If a company offers a software package that you can purchase at a reasonable price and it offers all the features that you need in an online product design tool, would you buy it? I certainly would and I am sure that there are hundreds if not thousands of companies worldwide that would also.

All I wanted to do was inform users that these type of software packages are being developed, they work and they ARE coming to market and offer an alternative to the annual pay as you go online design services.


----------



## digifacmp (Nov 13, 2007)

Technology is progressing so fast that the user cannot catch up. Even software developers cannot catch up and sometimes their software become out of date because new technologies have taken over.


----------



## Daniel Slatkin (Jun 25, 2008)

When it comes to self hosting this kind of system we did a lot of reaserch and found that when it comes to running a multi user network there are not many hosting providers willing to make the server side adjustments necessary to pull it off.


----------



## curiousity (Feb 15, 2009)

*Re: Those with DecoNetwork sites*



bluetooter said:


> So what! That is not what this is about. We are not discussing the viability of the software business and how to be a successful developer.
> 
> If a company offers a software package that you can purchase at a reasonable price and it offers all the features that you need in an online product design tool, would you buy it? I certainly would and I am sure that there are hundreds if not thousands of companies worldwide that would also.
> 
> All I wanted to do was inform users that these type of software packages are being developed, they work and they ARE coming to market and offer an alternative to the annual pay as you go online design services.
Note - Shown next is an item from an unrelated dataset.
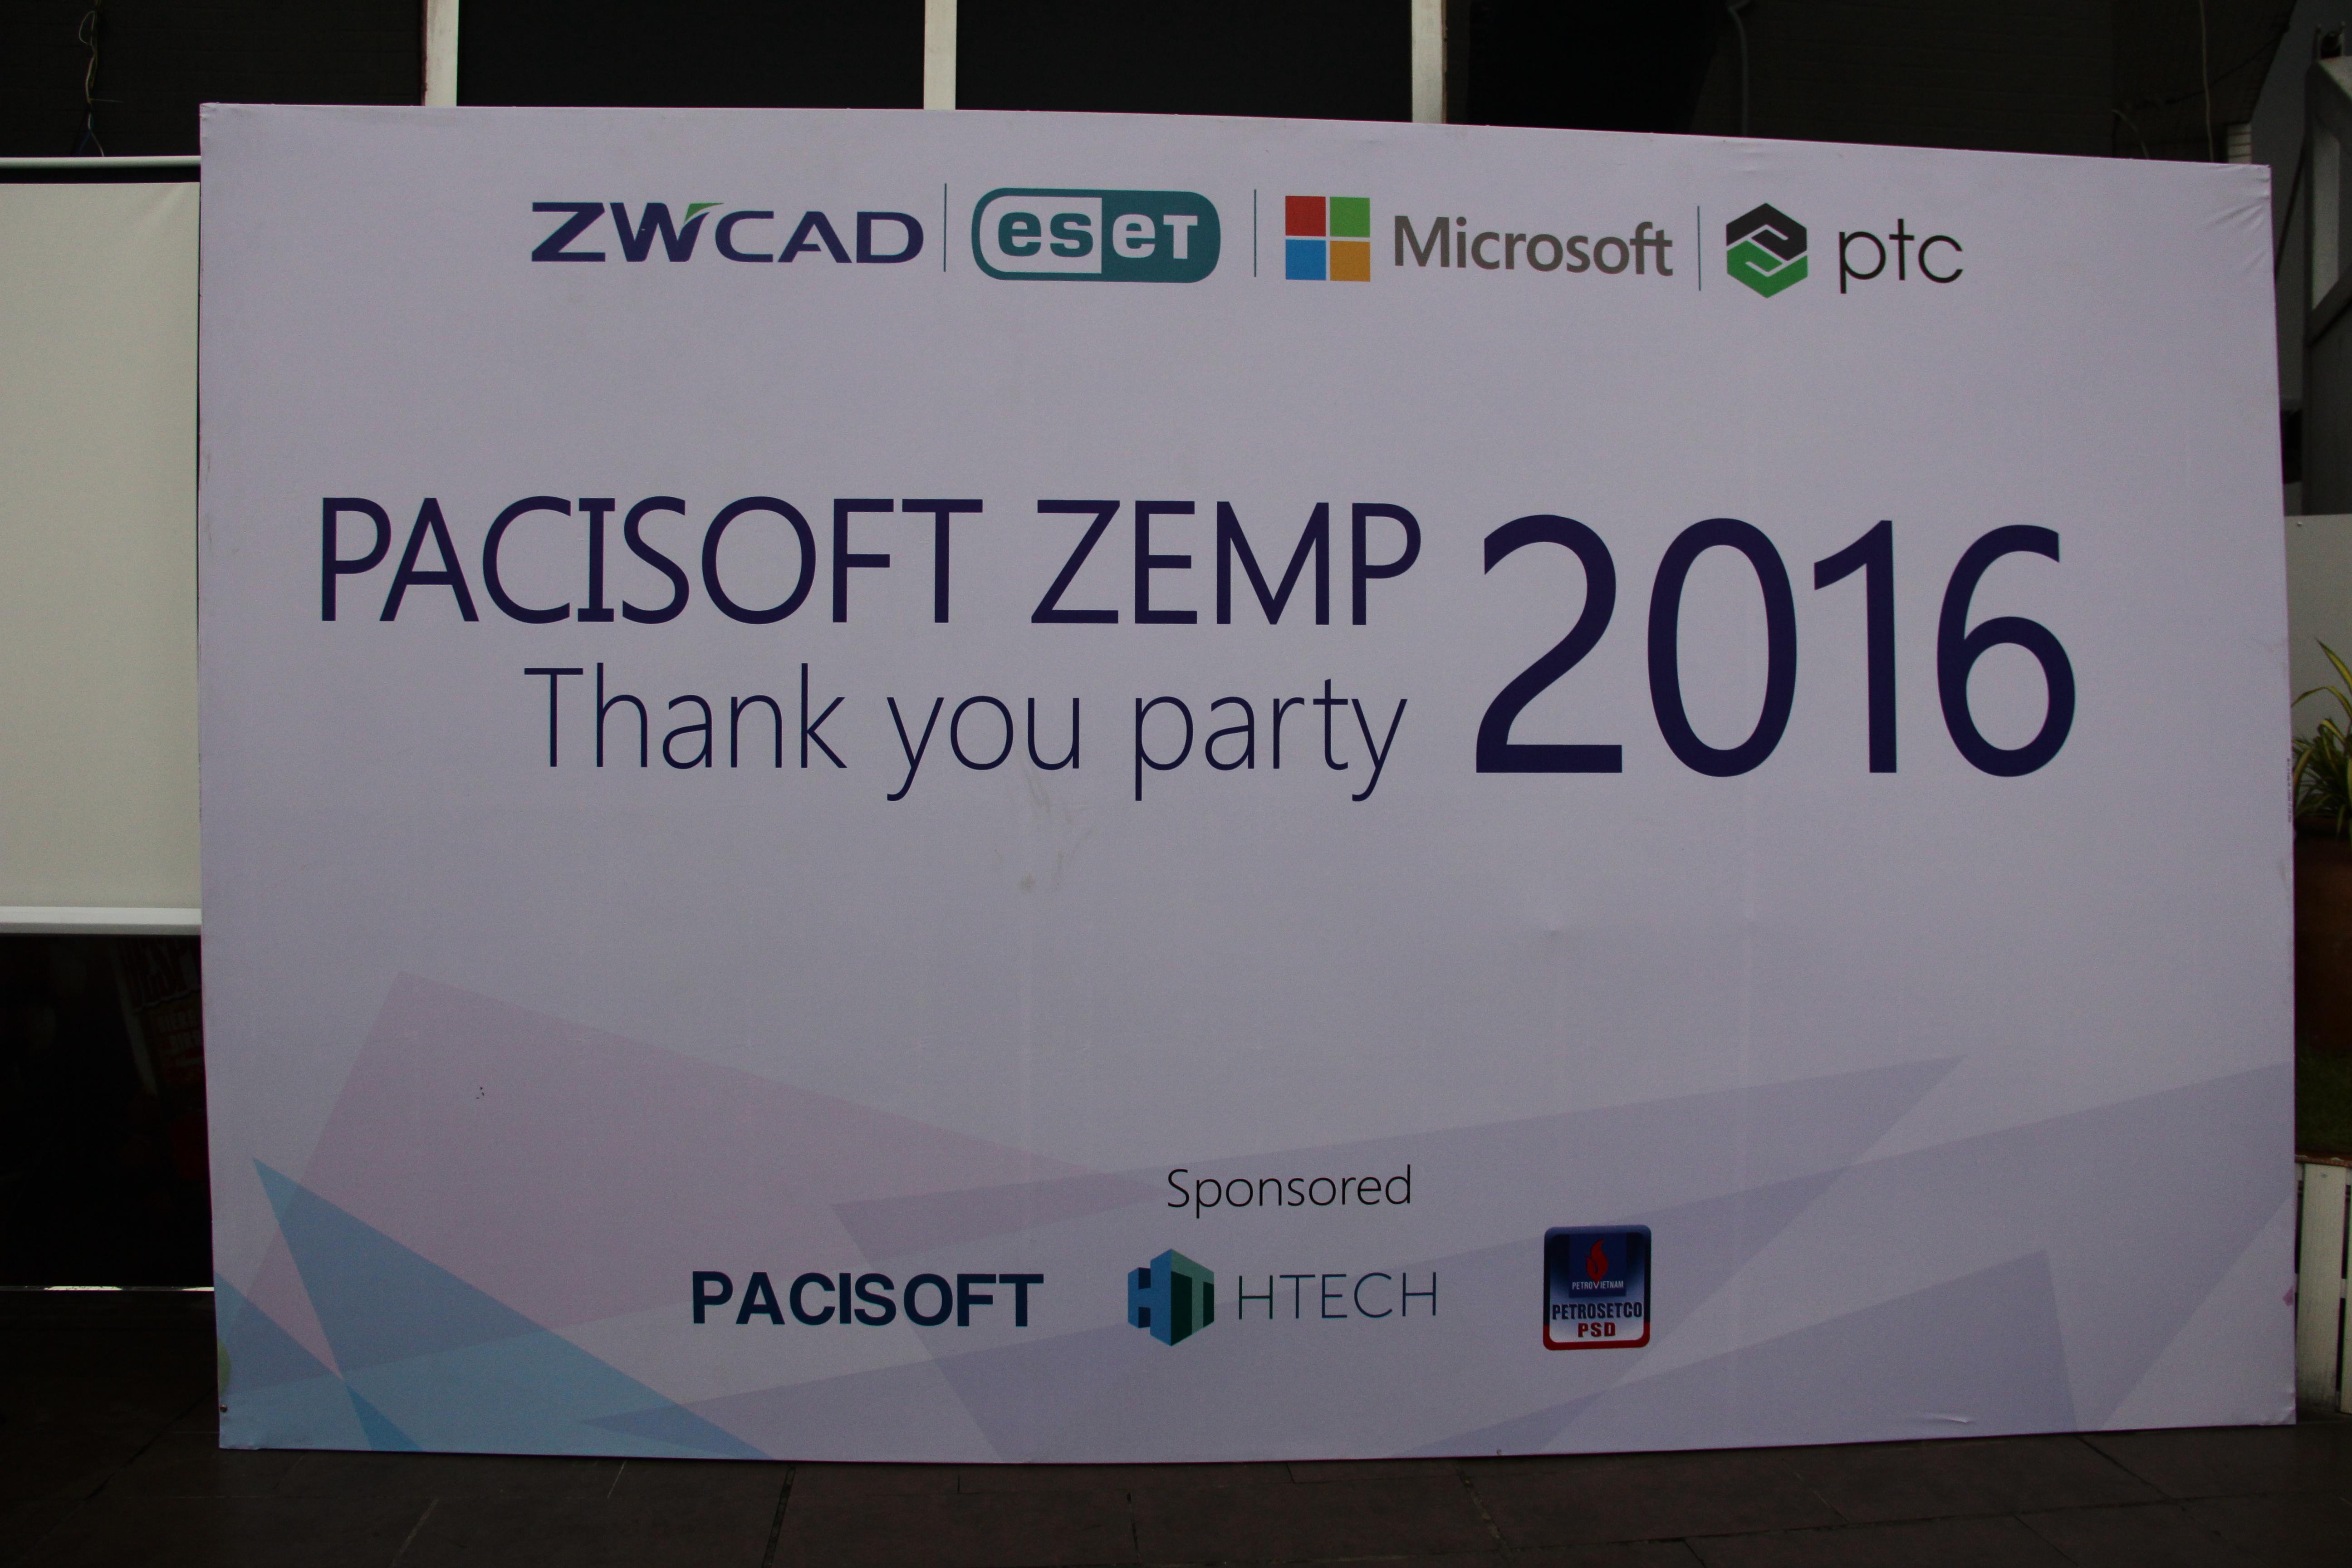 ZEMP 2016

But we are talking about using a product with potentially 3 year old code though, right? (Since the software developer won't be able to afford to support it without reoccuring revenue.)

3 year old code that someone has probably figured out a hack to? Maybe? Having your site hijacked would cost much, much more than what you are saving.
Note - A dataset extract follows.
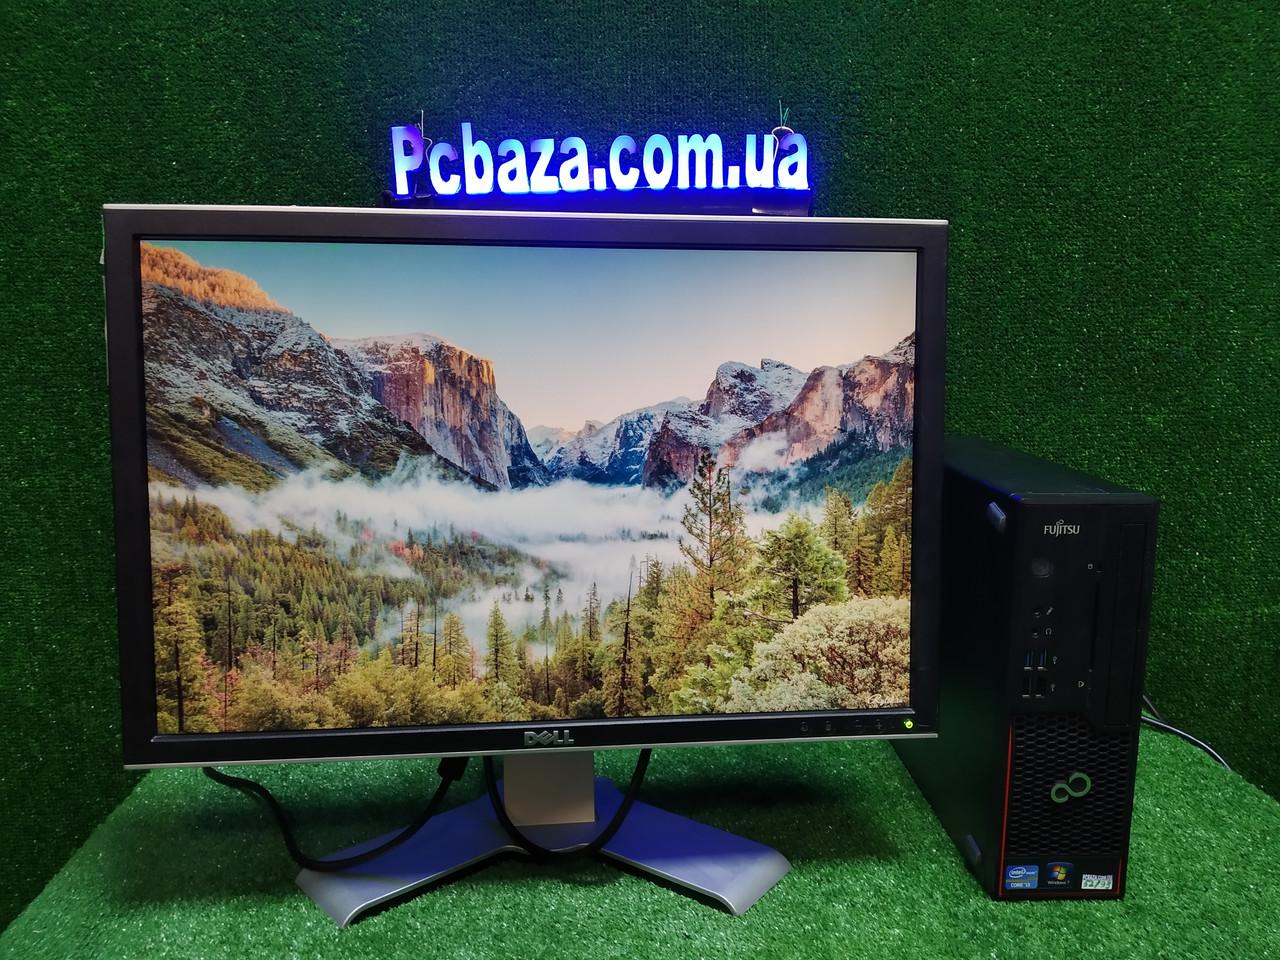 """ПК +монитор 22"""", i3-3220 3.3, 4 ГБ, 500 Гб, 2xCOM, 10 USB, USB 3.0 Настроен. Германия!"""

And that is the benefit of the hosted solution. I don't have to worry as much about security. I can focus on my (future) business and sell tshirts.

There's different sides to it, but that is what would drive my decision.


----------



## bluetooter (Oct 3, 2008)

Who says the developer cannot support the code, that is absolutely ridiculous, that is a baseless assumption. Why, is everyone so immersed in the concept that independent software is evil and unsupported. That is absurd.
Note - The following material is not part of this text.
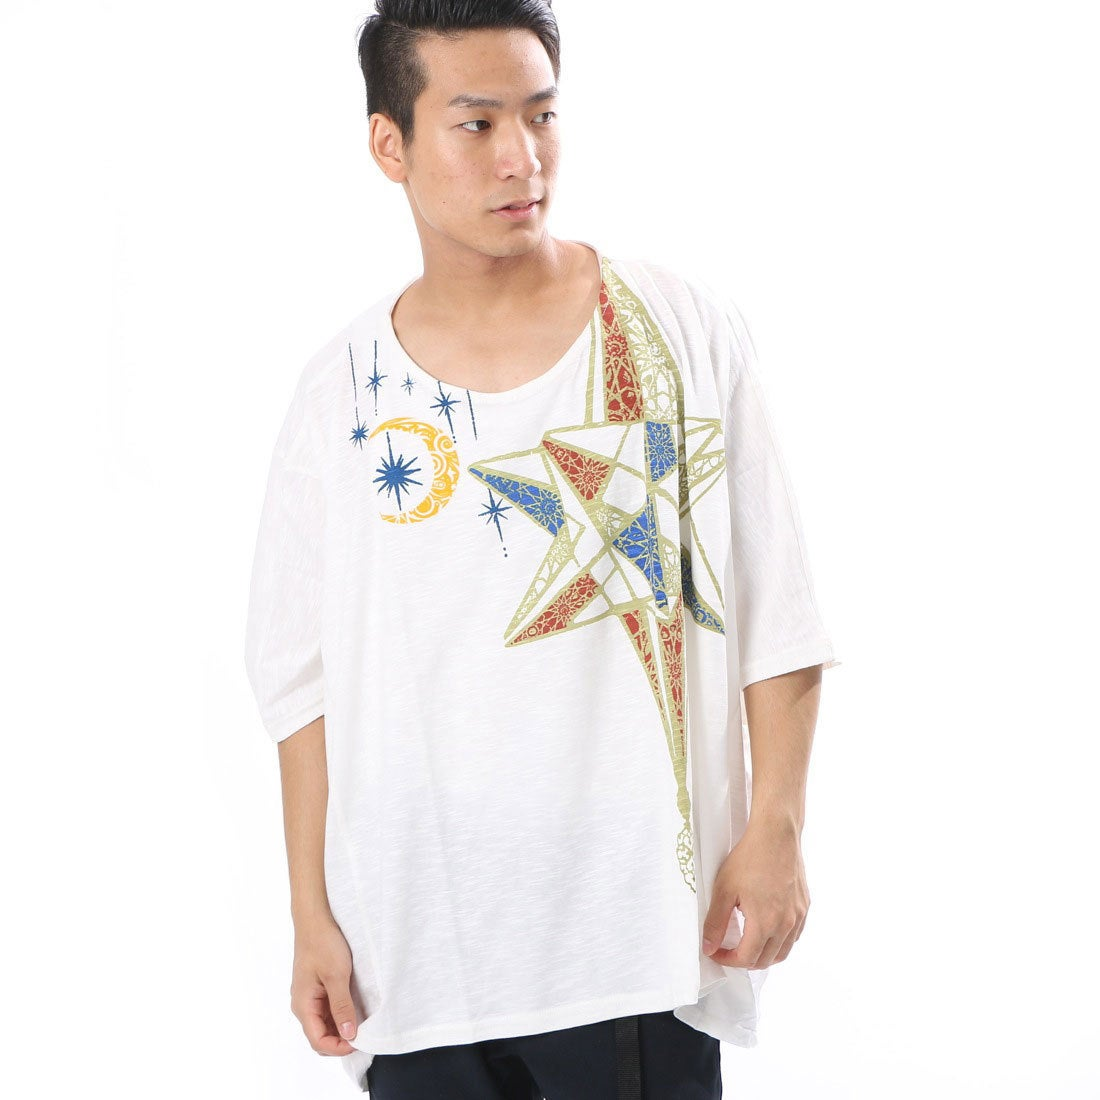 【チャイハネ】モロッコランプ★アラビアンプリントメンズTシャツ ホワイト

3 year old code? hacking into? security? I think you need to get a little realistic. Many businesses today have proprietary code, shopping carts, PHP data bases and tons of applications hosted on a variety of servers and they don't seem to have tremendous problems. We have our own applications that we purchased and use for our web site and we don't have any of those issues. We don't own any servers and we pay for hosted service. I have no problem purchasing an application that works and using it.

I am not suggesting that you become some IT guru. But you have to understand that there are going to be lots of new independent graphic design applications that will be showing up soon and some businesses will want them and some will not. This is not self-hosting, this is an application package that eventually anyone could purchase and use.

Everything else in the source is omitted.